Test 3: In another office, we had planned downtime scheduled to replace that office's WAN router. We decided to do NetBackup timeouts testing again (with checkpoint set for 10 minutes; timeouts on relevant clients, media & master server set to 2 hours; TCP Keepalive set for 2 hours). During a backup job, they replaced the router which, as expected, caused a disconnection. The disconnected lasted less than the 2 hours set for the timeouts, but the backup job ended incomplete and had to be manually run again. Job details:
......
08/23/2012 20:45:32 - Info bpbkar32 (pid=3700) change journal NOT enabled for <D:\>
08/23/2012 21:58:37 - Error bpbrm (pid=5792) could not write FILE ADDED message to OUTSOCK
08/23/2012 21:58:48 - Error bpbrm (pid=5792) could not write FILE ADDED message to OUTSOCK
08/23/2012 21:59:12 - Error bpbrm (pid=5792) could not write FILE ADDED message to OUTSOCK
08/23/2012 21:59:24 - Error bpbrm (pid=5792) could not write FILE ADDED message to OUTSOCK
08/23/2012 21:59:39 - Error bpbrm (pid=5792) could not write FILE ADDED message to OUTSOCK
08/23/2012 21:59:51 - Error bpbrm (pid=5792) could not write FILE ADDED message to OUTSOCK
08/23/2012 22:00:05 - Error bpbrm (pid=5792) could not write FILE ADDED message to OUTSOCK
08/23/2012 22:00:22 - Error bpbrm (pid=5792) could not write FILE ADDED message to OUTSOCK
08/23/2012 22:00:34 - Error bpbrm (pid=5792) could not write FILE ADDED message to OUTSOCK
08/23/2012 22:50:48 - Error bpbrm (pid=5792) could not write FILE ADDED message to OUTSOCK
08/23/2012 23:01:40 - Info bptm (pid=5772) waited for full buffer 16953 times, delayed 551732 times
08/23/2012 23:01:40 - Error bpbrm (pid=5792) could not write FILE ADDED message to OUTSOCK
08/23/2012 23:01:52 - Info bptm (pid=5772) EXITING with status 0 <----------
08/23/2012 23:01:52 - Info bpbrm (pid=5792) validating image for client APP06
08/23/2012 23:14:02 - Error nbjm (pid=7640) nbrb status: RB deallocated orphaned resources
08/23/2012 23:24:05 - job resume failed 831
08/23/2012 23:24:09 - Info bpbrm (pid=1560) Starting delete snapshot processing
08/23/2012 23:24:09 - Info bpfis (pid=0) Snapshot will not be deleted
08/23/2012 23:36:26 - job 22629 was restarted as job 22662
client process aborted (50)
The two issues we see are this:
1: Timeouts do not always cause a job to restart and we do not know their limitations or how to resolve/work around this so they will restart properly. We are unsure if When a WAN disrution occurs, they do not seem to work, but when the media server is physically disconnected from the network during a backup and reconnected, they apply.

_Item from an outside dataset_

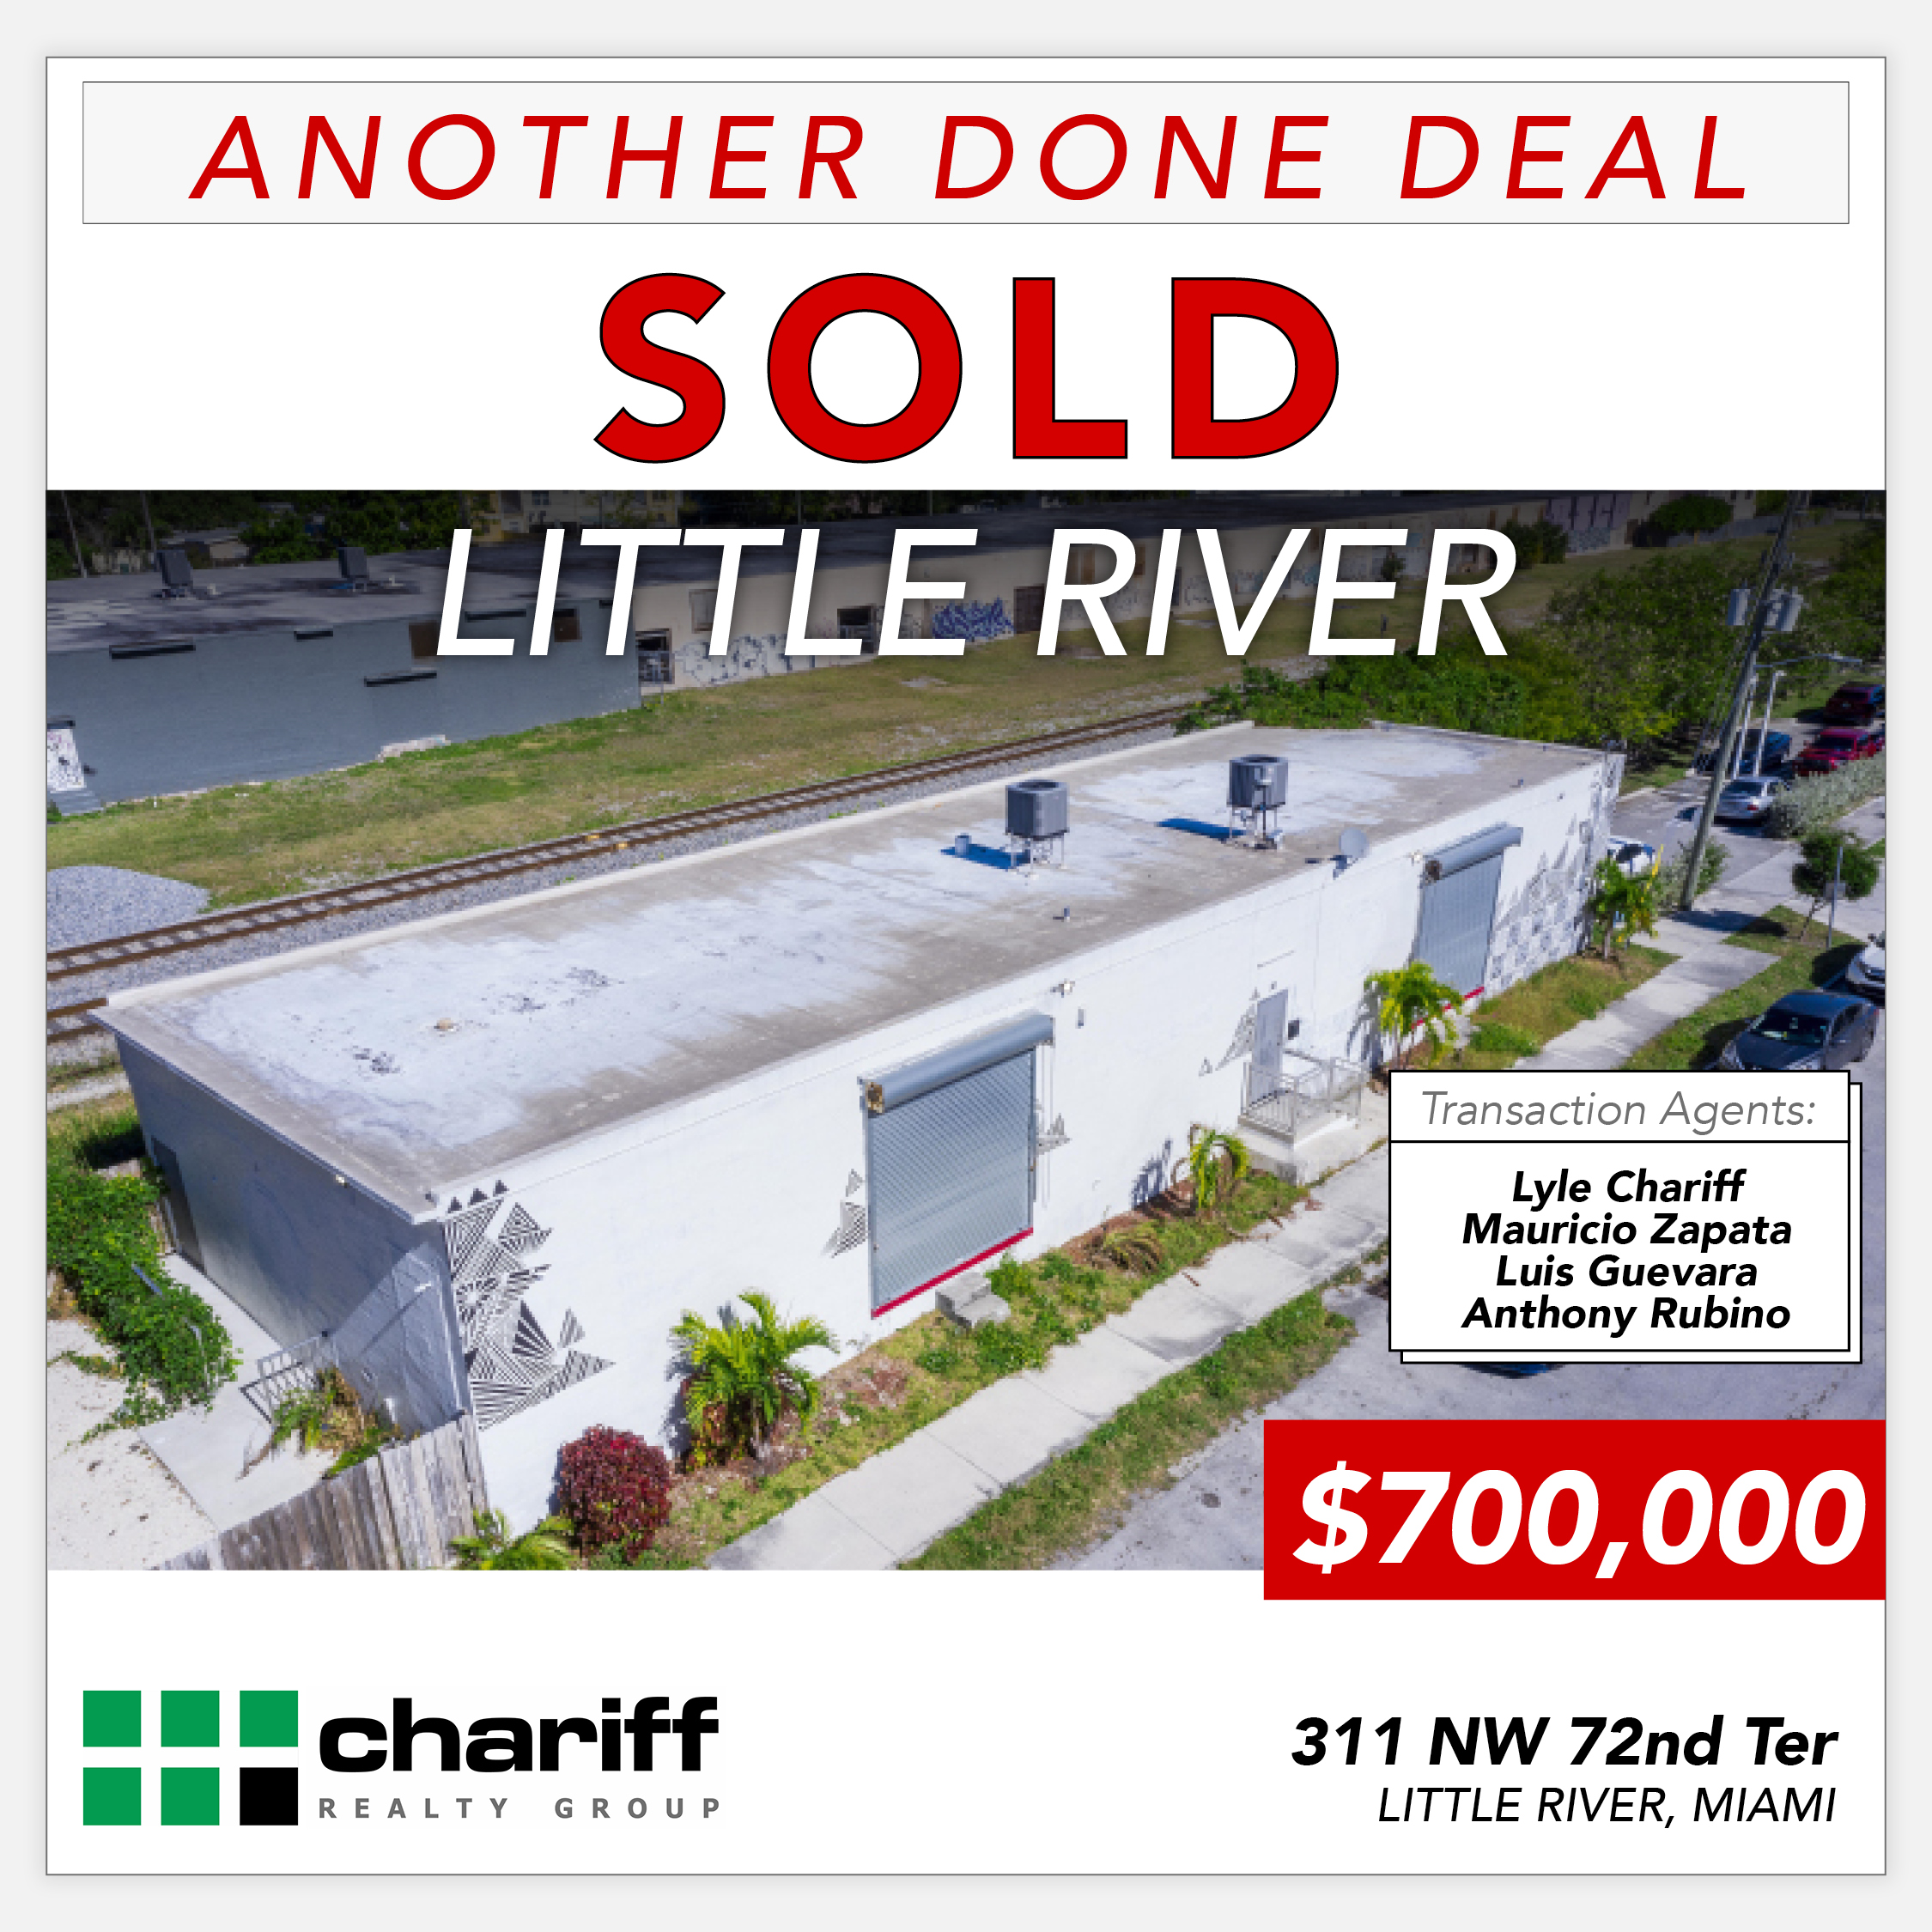 311 NW 72nd Terr - Another Done Deal- Sold - Little River-Miami-Florida-33150-Chariff Realty Group

2. When a WAN disruption occurs between media/master server, a job hangs for awhile even if manually canceled and further causes delay of the following backup job to start. This obviously is minor to the first issue, but if the first occurs, we would rather not wait an hour or so before seeing the manual job start to delay the next backup.
Thank you for taking the time to read this. I have been working with Symantec tech support on these issues but after two weeks we have not been able to resolve them yet. Any ideas, comments, or questions would be appreciated.
Matt
You could give the Network Resiliency feature in 7.5 a try.